Me convierto en mi observador y entonces me pregunto:

¿Esto que estoy haciendo me traerá felicidad y plenitud o me va a causar más caos y destrucción?

Así puedo hacerme consciente de mis decisiones y saber si me dirijo hacia el objetivo o me alejo de él.

Kenny Pineda

“Rutina” Una Chica Sosa…

rutina

Rutina es una chica sosa, a veces se queda en casa y otras veces sale de ella, pero casi siempre la compaña su familia.

Su madre es la Señora Monotonía y su padre el Señor Aburrimiento. Tiene 2 hermanos, el mayor se llama Miedo y la pequeña se llama Resignación.

Rutina tiene dos amigos muy cercanos, Inconsciencia y Consciente, pero suele llevarse mejor con Inconsciencia, porque a veces Consciente dice lo que Rutina no quiere escuchar…

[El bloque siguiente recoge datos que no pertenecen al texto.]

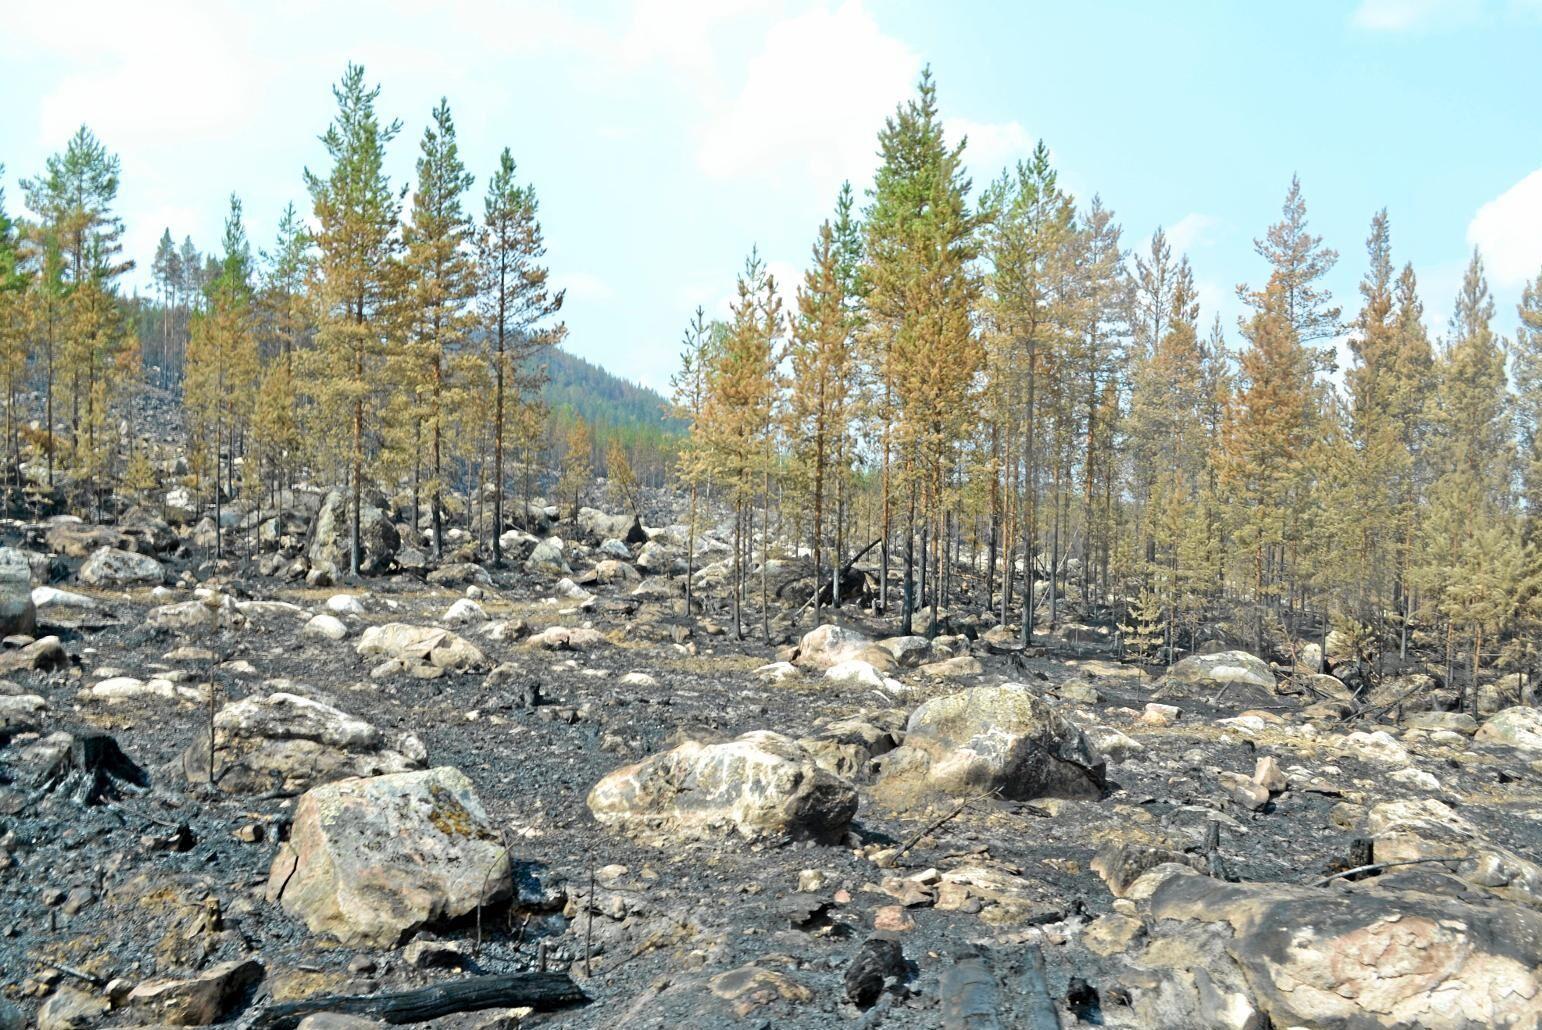 Bränd skogsmark i Ljusdal.

Rutina tiene un gran enemigo llamado Entusiasmo, él es un muchacho alegre, lleno de vida que busca cosas nuevas o nuevas formas de hacer las cosas y yo creo que Rutina le tiene envidia.

Rutina tiene un carácter fuerte, no es nada flexible ni abierta para con los demás, no le gusta la espontaneidad y se enoja cuando las cosas no le salen como las quiere. Es exigente y le encanta comer energía negativa, goza del cansancio y del hastío.

Hace su casa cualquier trabajo u hogar. Se mete sigilosamente, casi sin que los habitantes la vean y se queda a vivir hasta que se dan cuenta y con una fuerte convicción la echan.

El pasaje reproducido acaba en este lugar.